The contents covered in this Research Topic include but are not limited to the following subtopics:
- Genetic and epigenetic profiling of tumors that allows for further subgrouping of heterogeneous tumor groups with therapeutic and prognostic impacts.
- Identification of potential diagnostic, therapeutic targets, or prognostic markers for PBTs, with in vitro cell model, tumor specimen, or more accessible specimens such as blood and/or CSF (Liquid biopsy).
- The establishment of new genetically modified animal models, PDX models, and brain organoid models for pediatric brain tumors.
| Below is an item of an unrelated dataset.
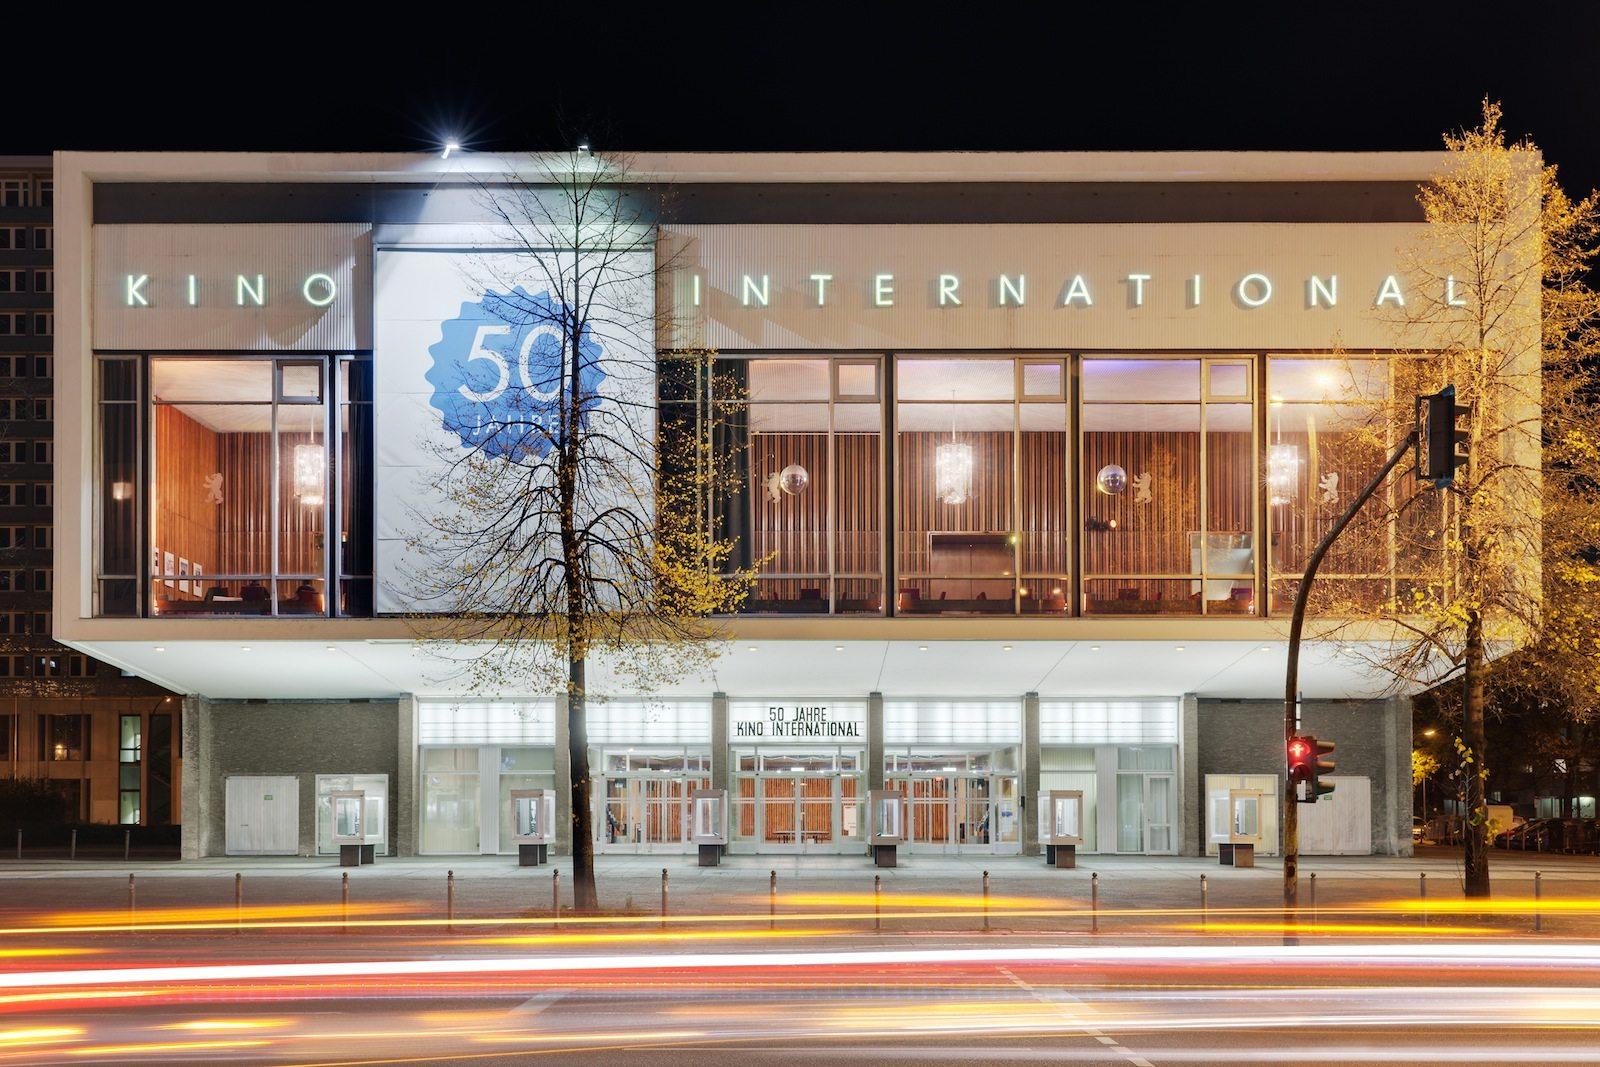 Fest. 2013 feiert das Kino International 50-jähriges Jubiläum.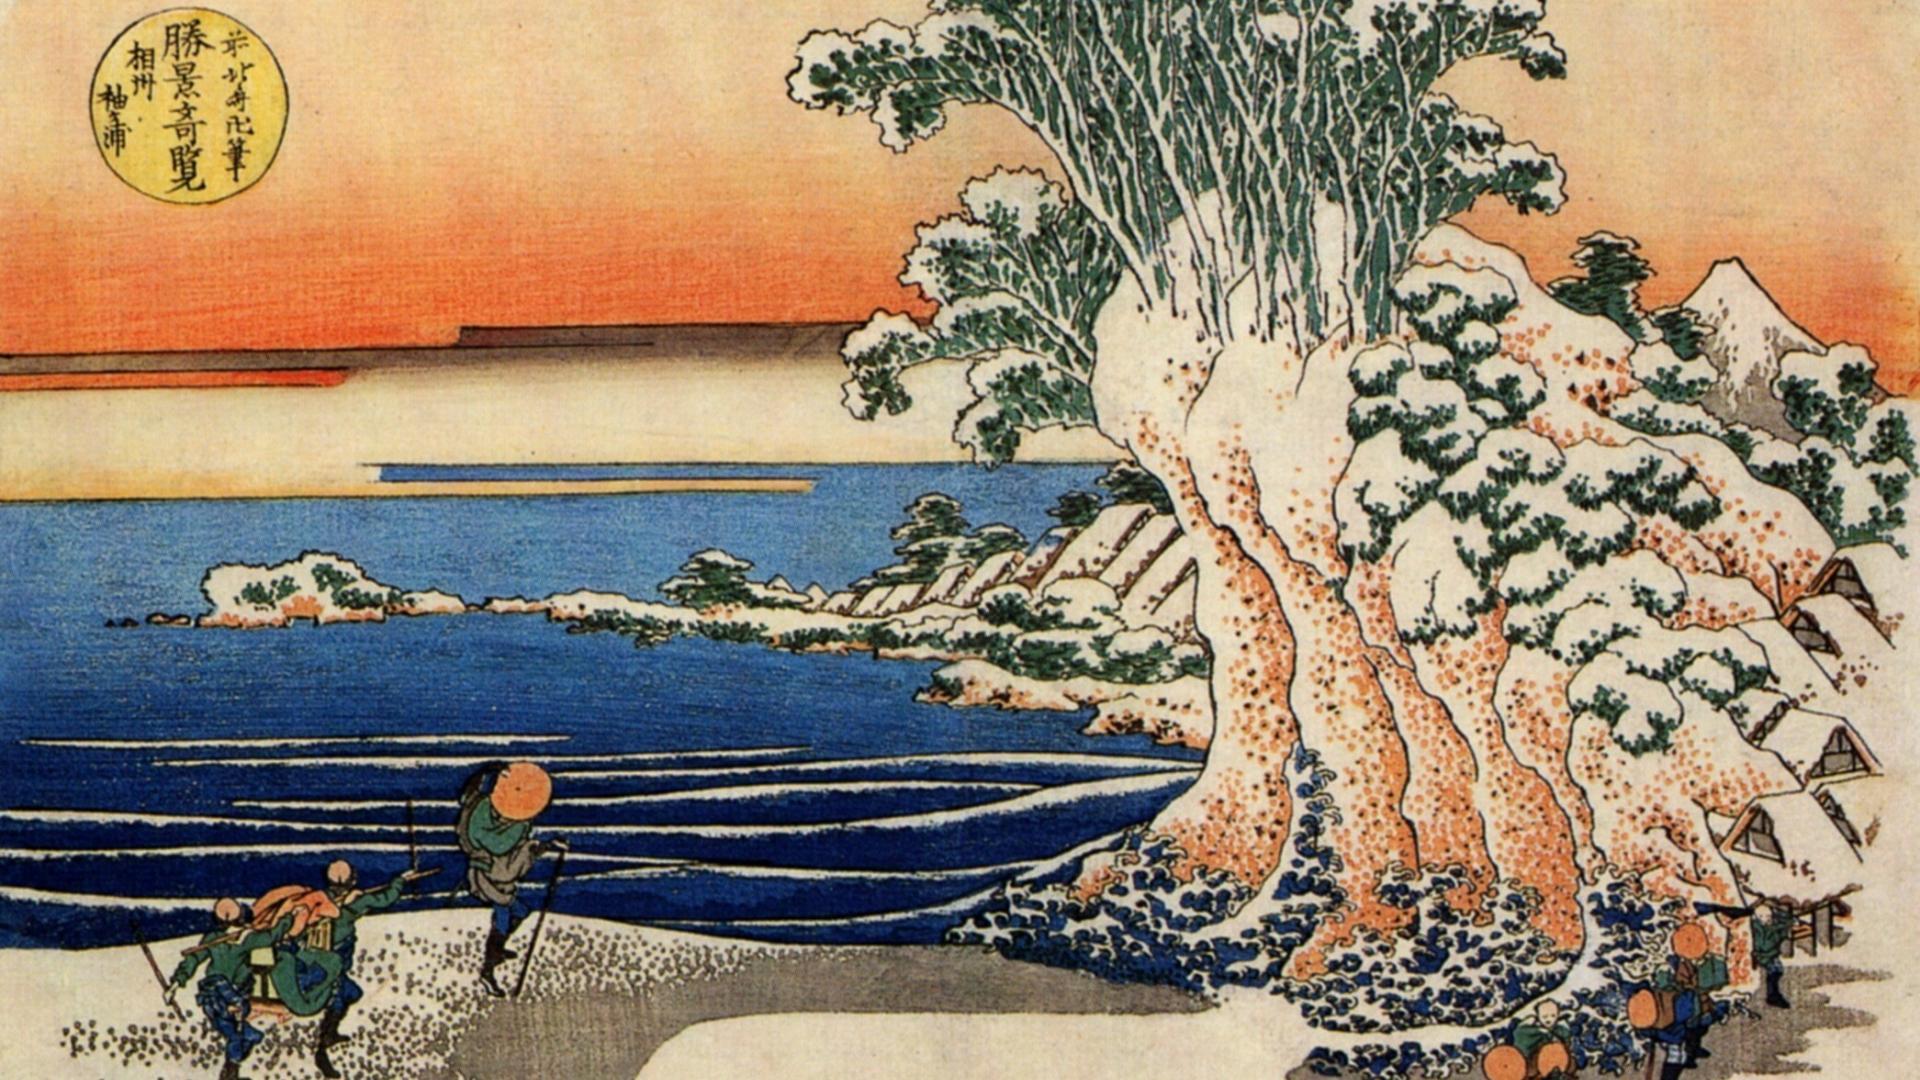 katshushika hokusai Hokusai definition, katsushika [kah-tsoo-shee-kah] /ˈkɑ tsʊˈʃi kɑ/ (show ipa), 1760–1849, japanese painter and illustrator see more.

- Molecular characterization and mechanism studies of tumor initiation, progression, and/or recurrence.
- Novel progress and associated prospective effects on molecular diagnosis, classification, and treatment.
- Discussion on the role and the risk of aggressive neurosurgical "total" resections, and subsequent consequences.
- Investigation on optimal timing and strategies for delivering radiation therapy for PBTs (including some benign tumors, e.g., pilocytic astrocytomas), and discussion on protons versus photon radiation therapy and late effects.
- Novel effective post-chemotherapeutic regimens post neurosurgical resection with/without radiation and/or molecular target therapies.
- Progress on immunotherapy for PBTs using checkpoint inhibitors, tumor vaccines, and CAR T-cell.
Please note: manuscripts consisting solely of bioinformatics or computational analysis of public genomic or transcriptomic databases which are not accompanied by validation (independent cohort or biological validation in vitro or in vivo) are out of scope for this section and will not be accepted as part of this Research Topic.